= What you should do =
Reproduce the listing below exactly, minus its pictures.

= Source material =
════════════════

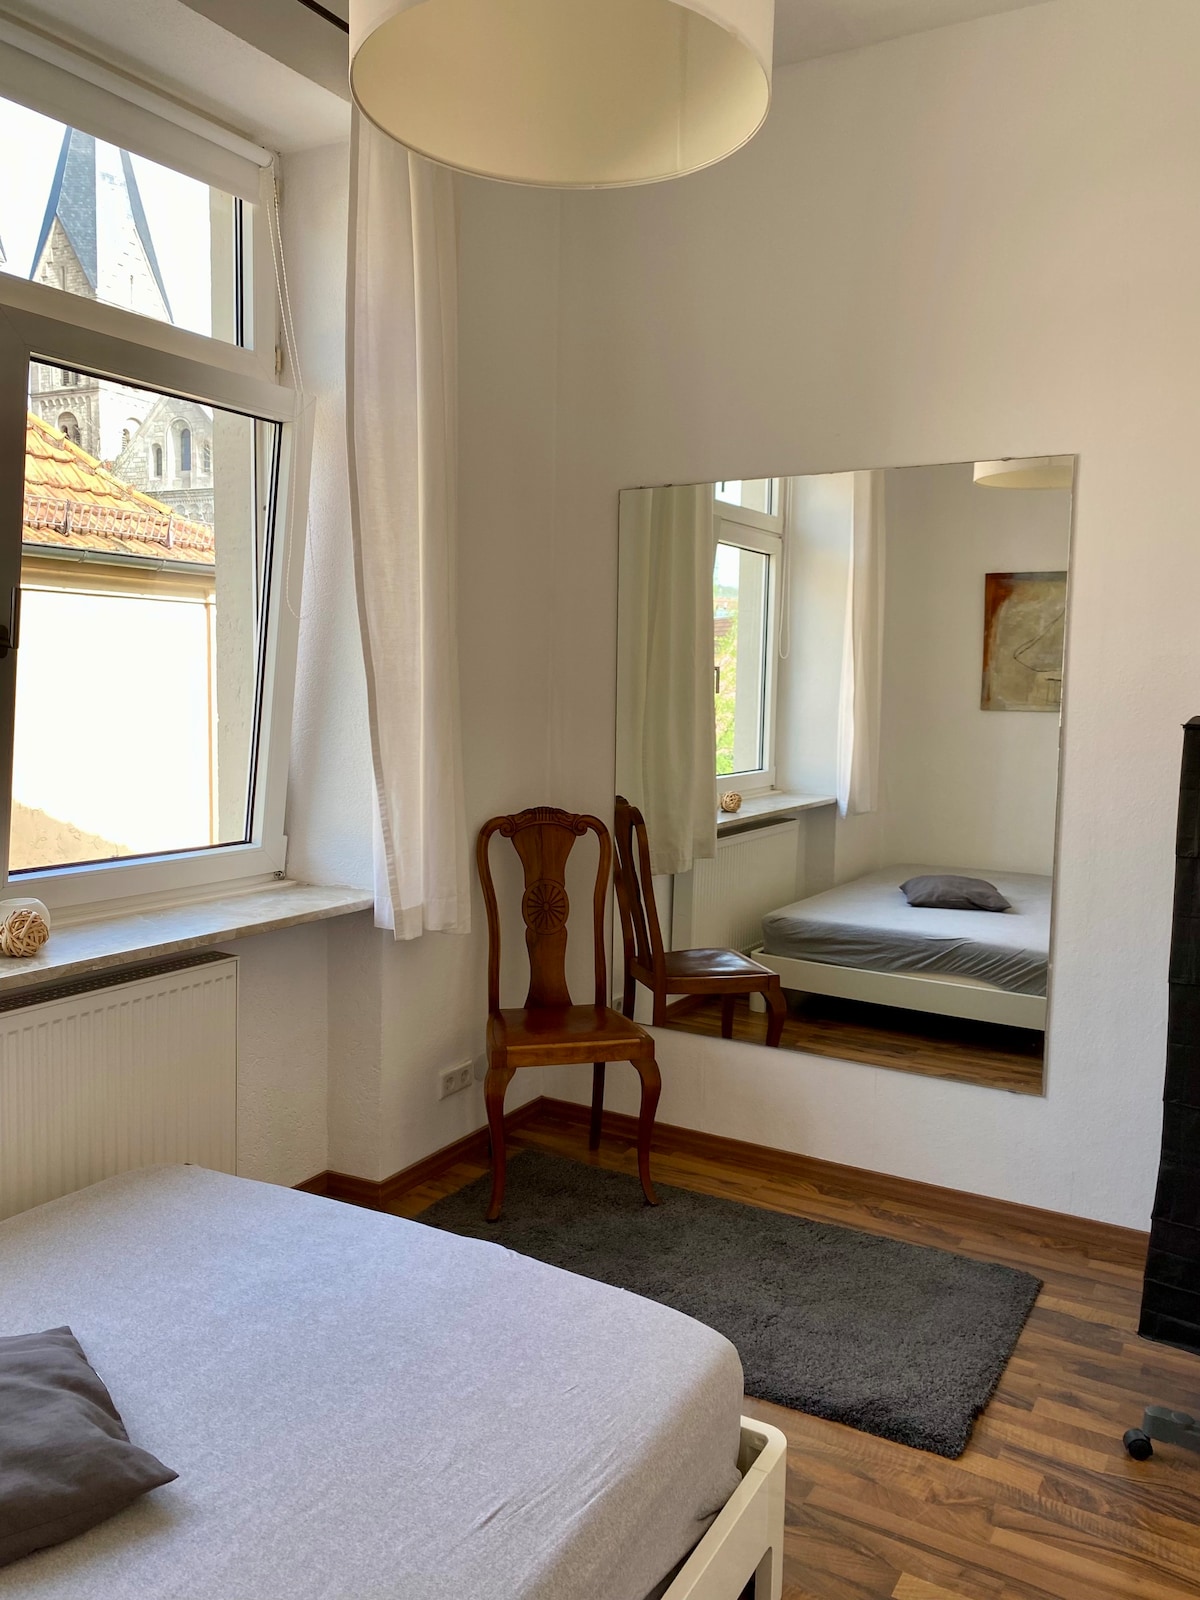 Wunderschöne Wohnung mit Altbau-Charme in Würzburg
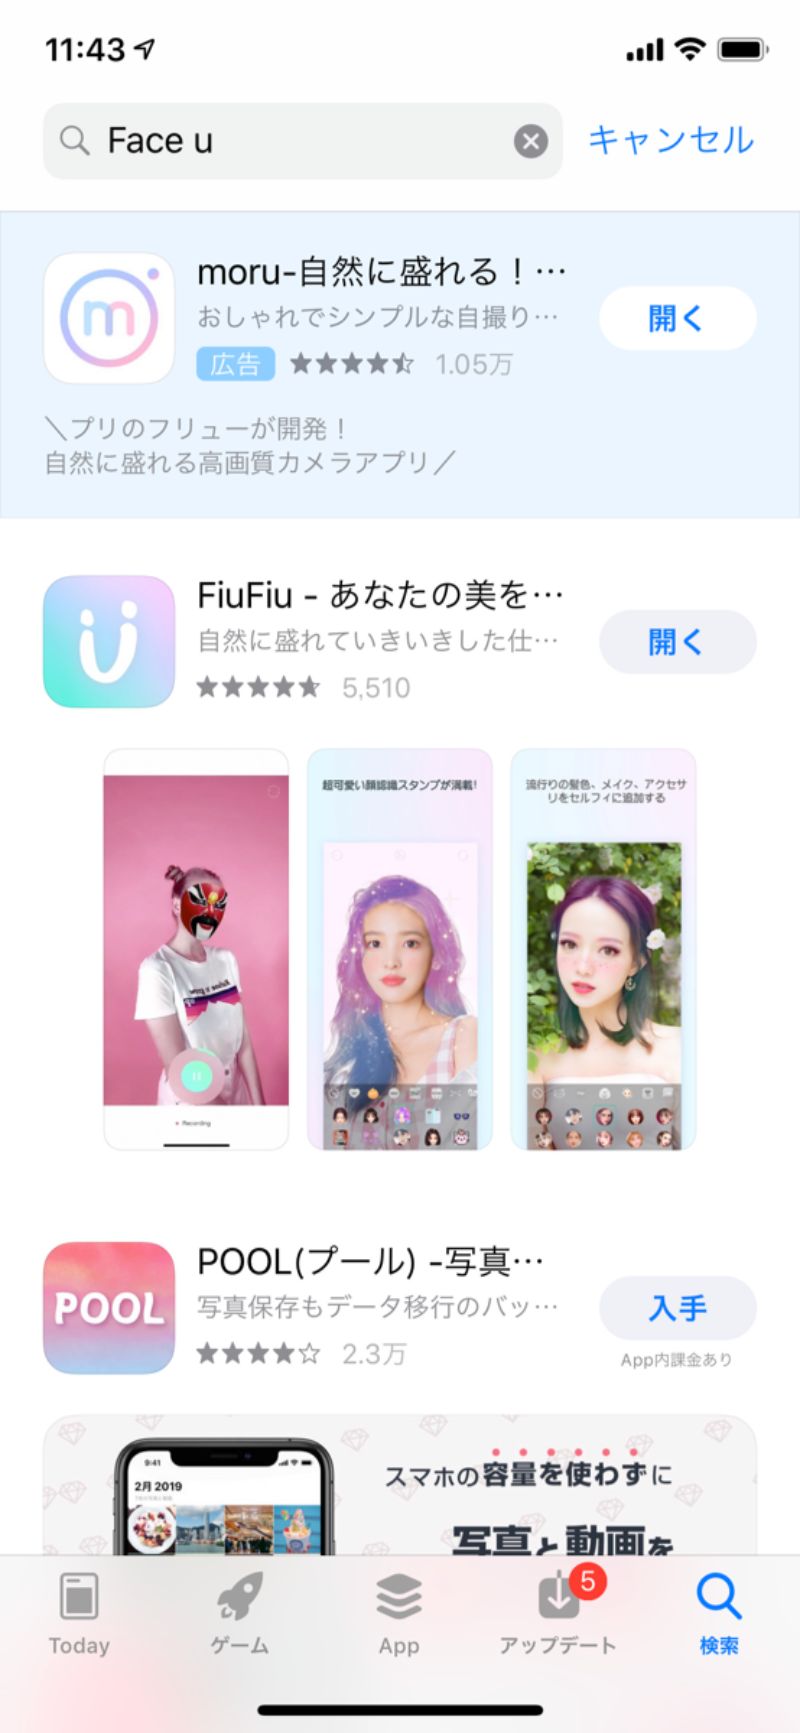 FaceUのアプリ名がFiuFiuに変わった
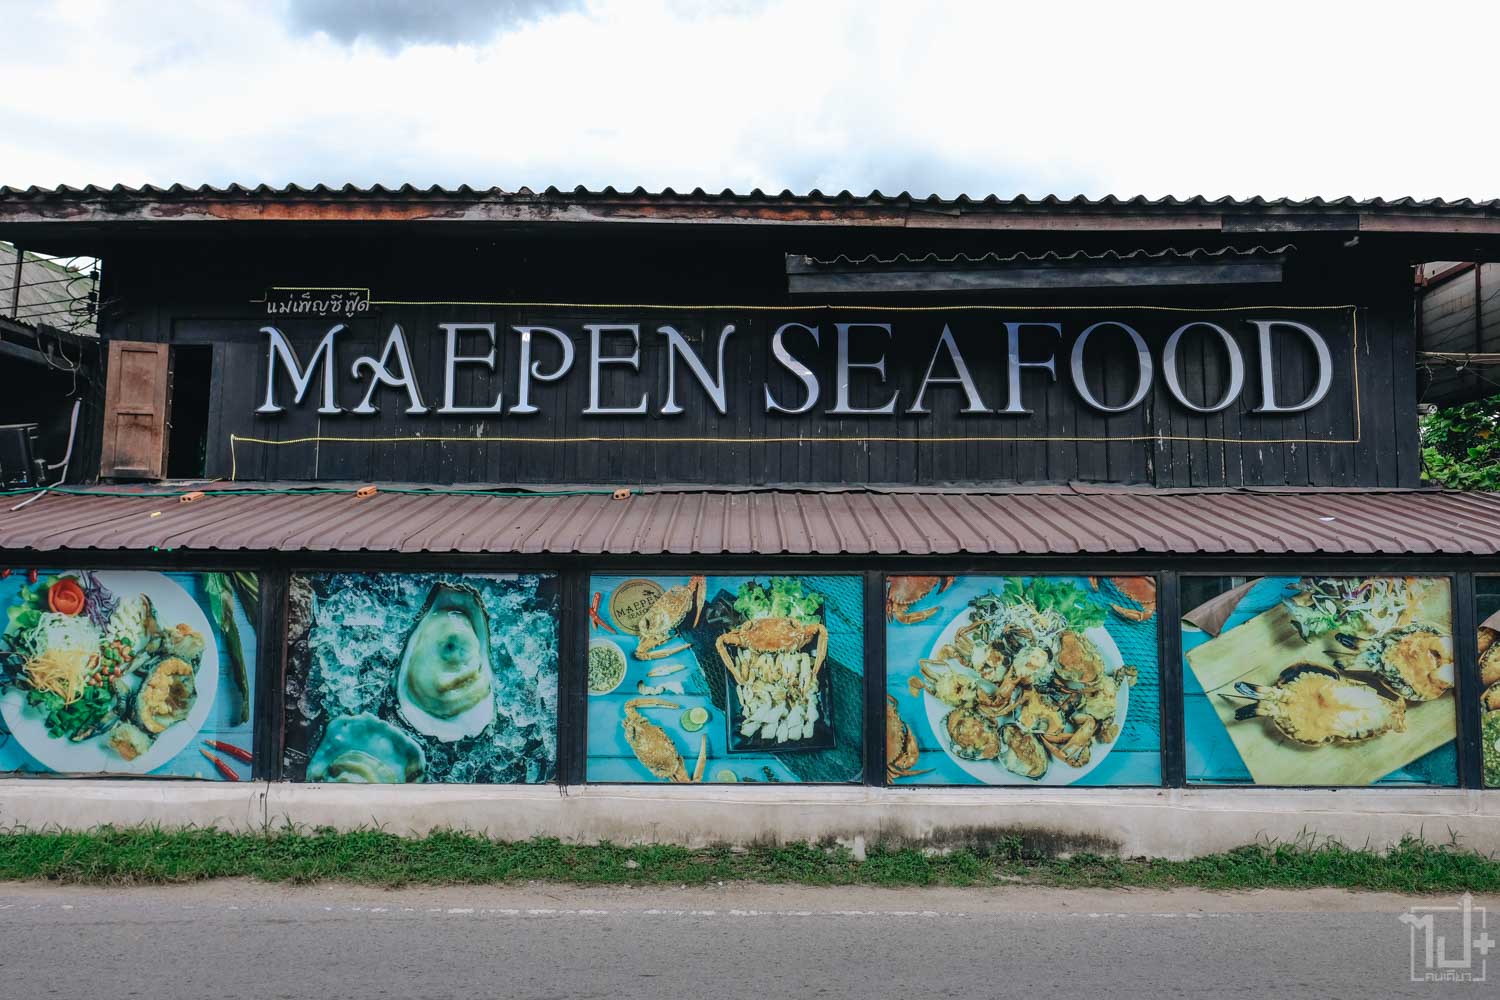 แม่เพ็ญซีฟู้ด ,ร้านอาหารทะเลเชียงใหม่ ,อาหทารทะเลสด ,ร้านอาหารเชียงใหม่ ,รีวิวเชียงใหม่ ,ร้านน่านั่ง ,กุ้งเผา ,MaepenSeafood ,Chiangmai

════════════════

= Final answer =
 Wunderschöne Wohnung mit Altbau-Charme in Würzburg
 FaceUのアプリ名がFiuFiuに変わった
 แม่เพ็ญซีฟู้ด ,ร้านอาหารทะเลเชียงใหม่ ,อาหทารทะเลสด ,ร้านอาหารเชียงใหม่ ,รีวิวเชียงใหม่ ,ร้านน่านั่ง ,กุ้งเผา ,MaepenSeafood ,Chiangmai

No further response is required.